Morir Ghanto (Fish head cooked in with rice)
Ingredients
1 big fish head
1 big onion finely sliced
1 tomato chopped
1/2 tsp garlic paste
1/2 tsp ginger paste
1/2 tsp chilli paste
Mustard oil for frying the fish head
1 big cup basmati rice
Salt to taste
1/2 tsp turmeric powder
1/2 tsp cumin powder
1/2 tsp coriander powder
1/2 tsp garam masala powder
1/2 tsp sugar
1 tbsp ghee
1 tsp broken Kaju
1 tsp resins
Chopped Coriander leaves for garnishing
Method
Add salt and use half the turmeric and  apply to the fish head. Heat the mustard oil and fry the fish head and keep it aside. Now take out the excess mustard oil and just keep 2 tbsp of mustard oil in the pan. Add sliced onions and saute it for some time, then add garlic, ginger and chilli paste and chopped tomato. Saute again for some time and add all the powder masalas , tumeric, sugar and salt. Mix it well and add 2 glass of water and fish head. Boil it well and add the rice and cook till done. Take a small pan and add ghee. Fry the Kaju and resin and add every thing along with ghee on the rice and sprinkle with garam masala powder. Mix it and garnish with coriander leaves.

Sunday 19 July 2015

kabsa

Kabsa
Few years back I had this dish in a restaurant while traveling from Dubai to Oman border. Just loved the dish. After that I never had it but it was always there in my mind. Finally I made this at home today.... On the occasion of Eid.. 

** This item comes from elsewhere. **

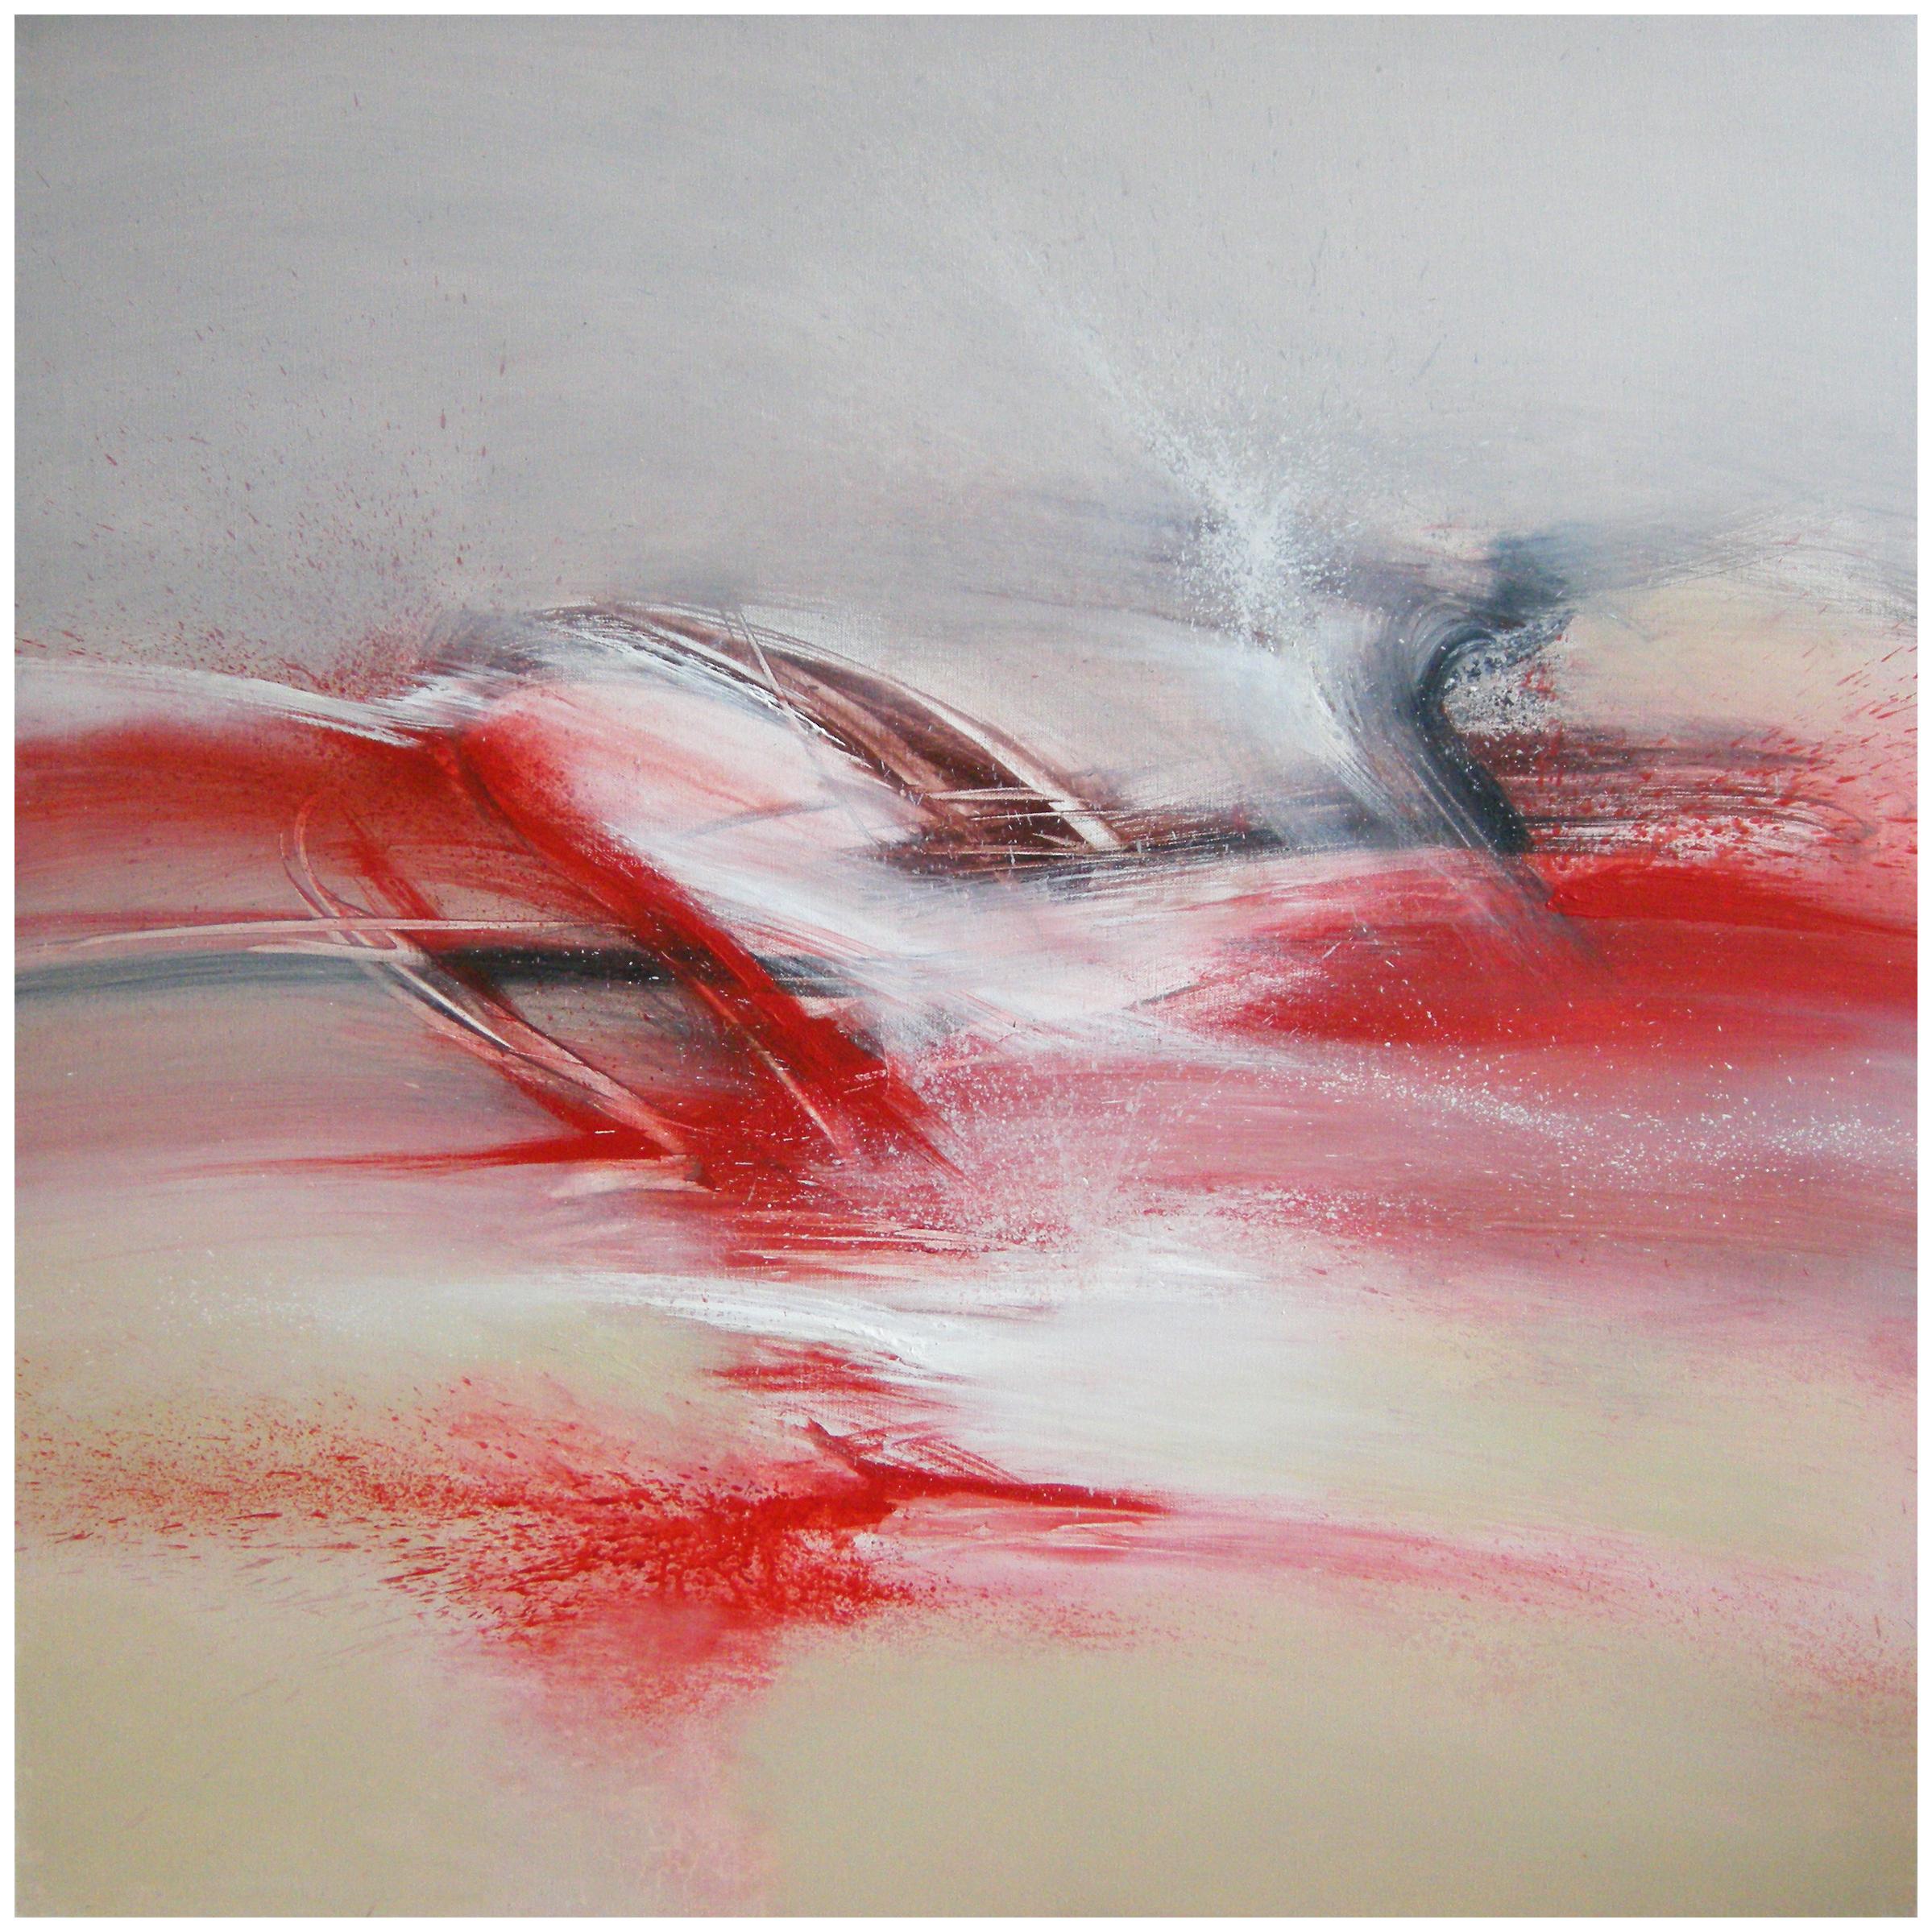 Philippe Saucourt Abstract Painting – Abstraktes Gemälde "" von Schnee und Feuer" in Rot, Beige, Schwarz und Weiß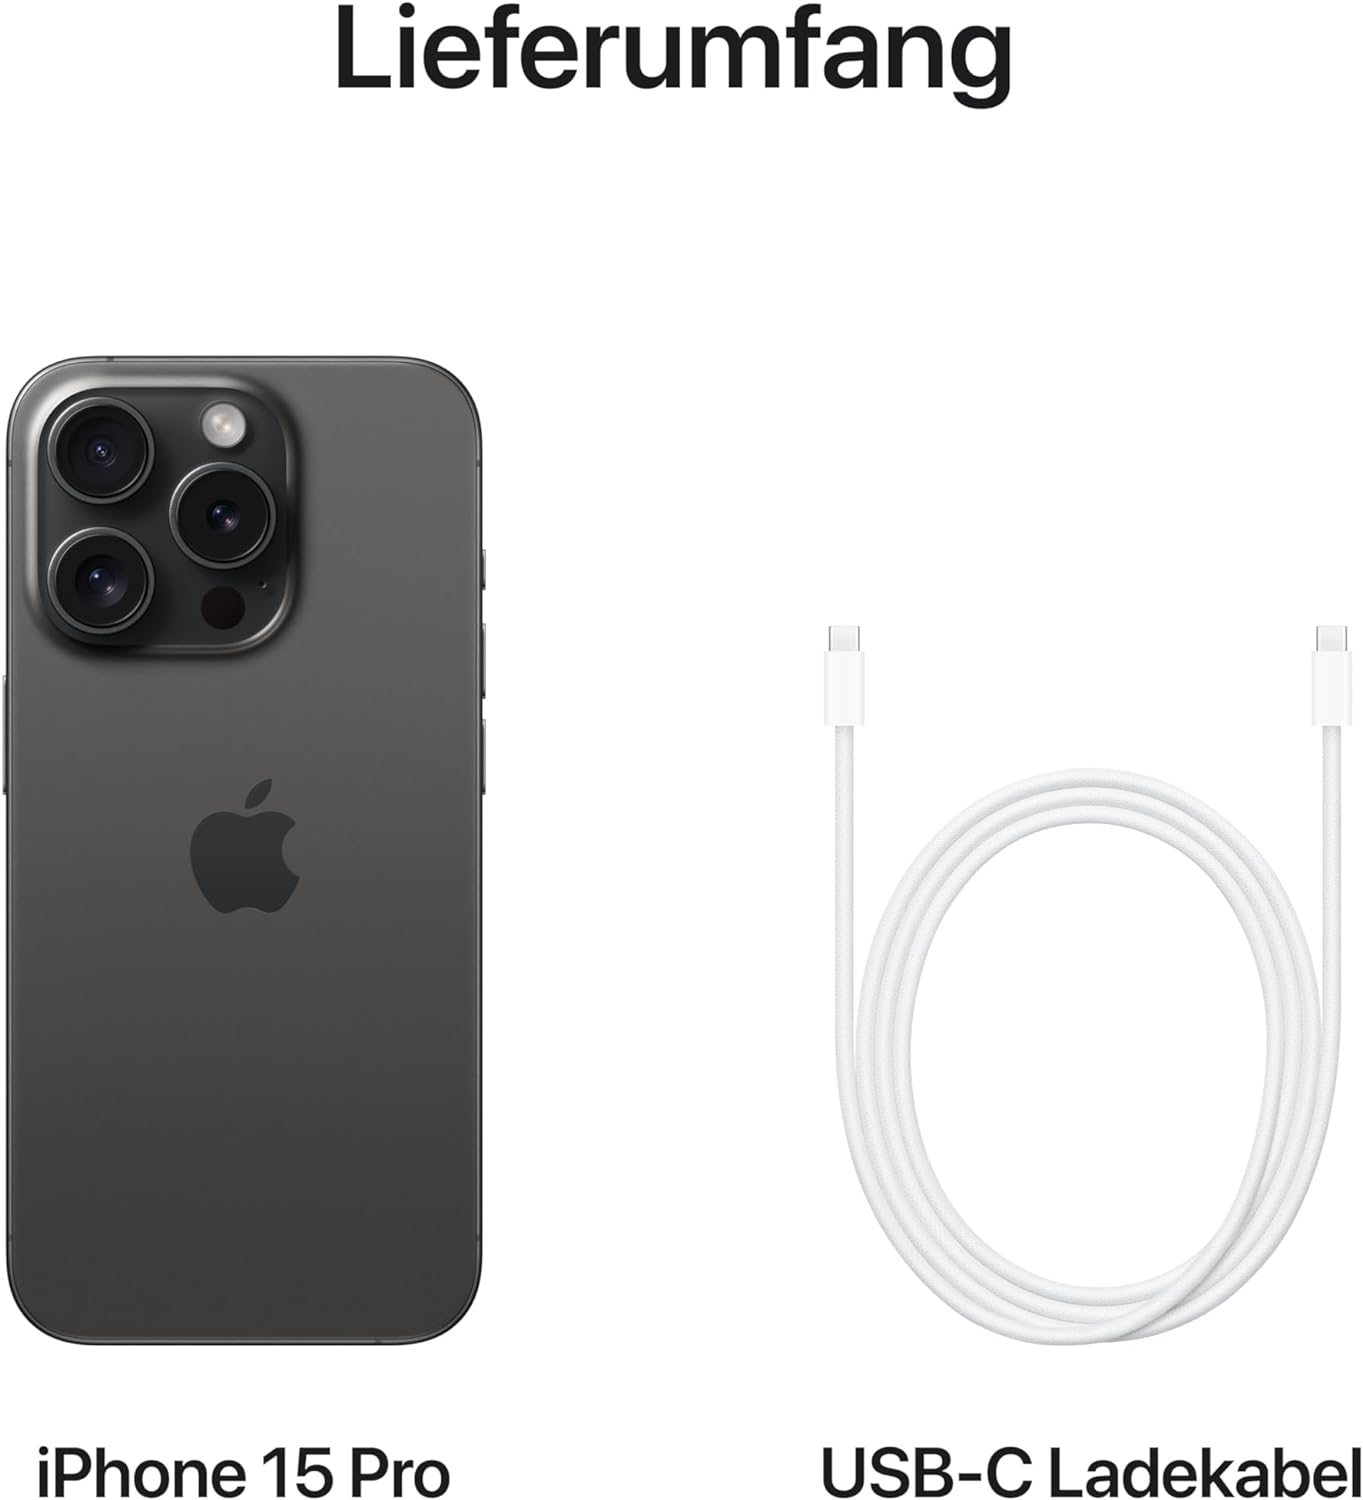 Apple iPhone 15 Pro Max (256GB) - Titanium Black

Kabsa is a family of mixed rice dishes that are served mostly in Jordan and Saudi Arabia, where it is commonly regarded as a national dish in these countries. Kabsa, though, is believed to be indigenous to Yemen. In countries such as Jordan, Qatar, Oman, the United Arab Emirates, Bahrain, Iraqand Kuwait, the dish is popularly known as machbūs, but is served mostly in the same way. These dishes are usually made with rice (usually long-grain, such as basmati), meat, vegetables, and a mixture of spices. There are many kinds of kabsa and each kind has a uniqueness about it.  The spices used in kabsa are largely responsible for its taste. The dish can be served hot with daqqūs, which is a home-made Arabic tomato sauce. Kabsa is also known as machbūs in the Persian Gulf region. 
Informative source Net.. 

Ingredients
1 whole Small Chicken or Chicken cut into 4 pieces
1 1/2 cup Rice soaked
1 1/2 liter Water
Salt to taste
4 tbsp Butter
2 Onion chopped
2 Tomato chopped
2 tbsp Tomato purée
1 tsp Garlic paste

 Spice mix
1 tsp Coriander powder
1/2 tsp Pepper powder
1/2 tsp Chilli powder
1/4 tsp Cumin powder
2 pinch Nutmeg powder
1 stick Cinnamon
4 Cloves
2 pinch Saffron
1 bay leaf
1/2 dry Lime powder (Optional)
Mix all the powder spices together in a bowl.

For Garnishing
1 tbsp Almond chopped
1 tbsp Cashews
1 tbsp Raisins
Fry all the above ingredients for garnishing in 1/2 tbsp Butter

Method
Add water, chicken and salt in a pot.
Cover pot and cook until the chicken is cooked.Remove chicken from stock and set aside. Reserve stock. In another pot melt butter and fry chicken from all sides until get a brownish colour. Remove chicken and set aside.In the same butter fry garlic and onions until onion golden brown. Add spices, tomatoes and tomato puree, mix well. Pour 2 1/2 cup chicken stock. Add rice, cover and cook until rice 80 % done. Now place chicken on top of rice and simmer about 10 minutes.Garnish with nuts and serve with Daqqūs and Salad.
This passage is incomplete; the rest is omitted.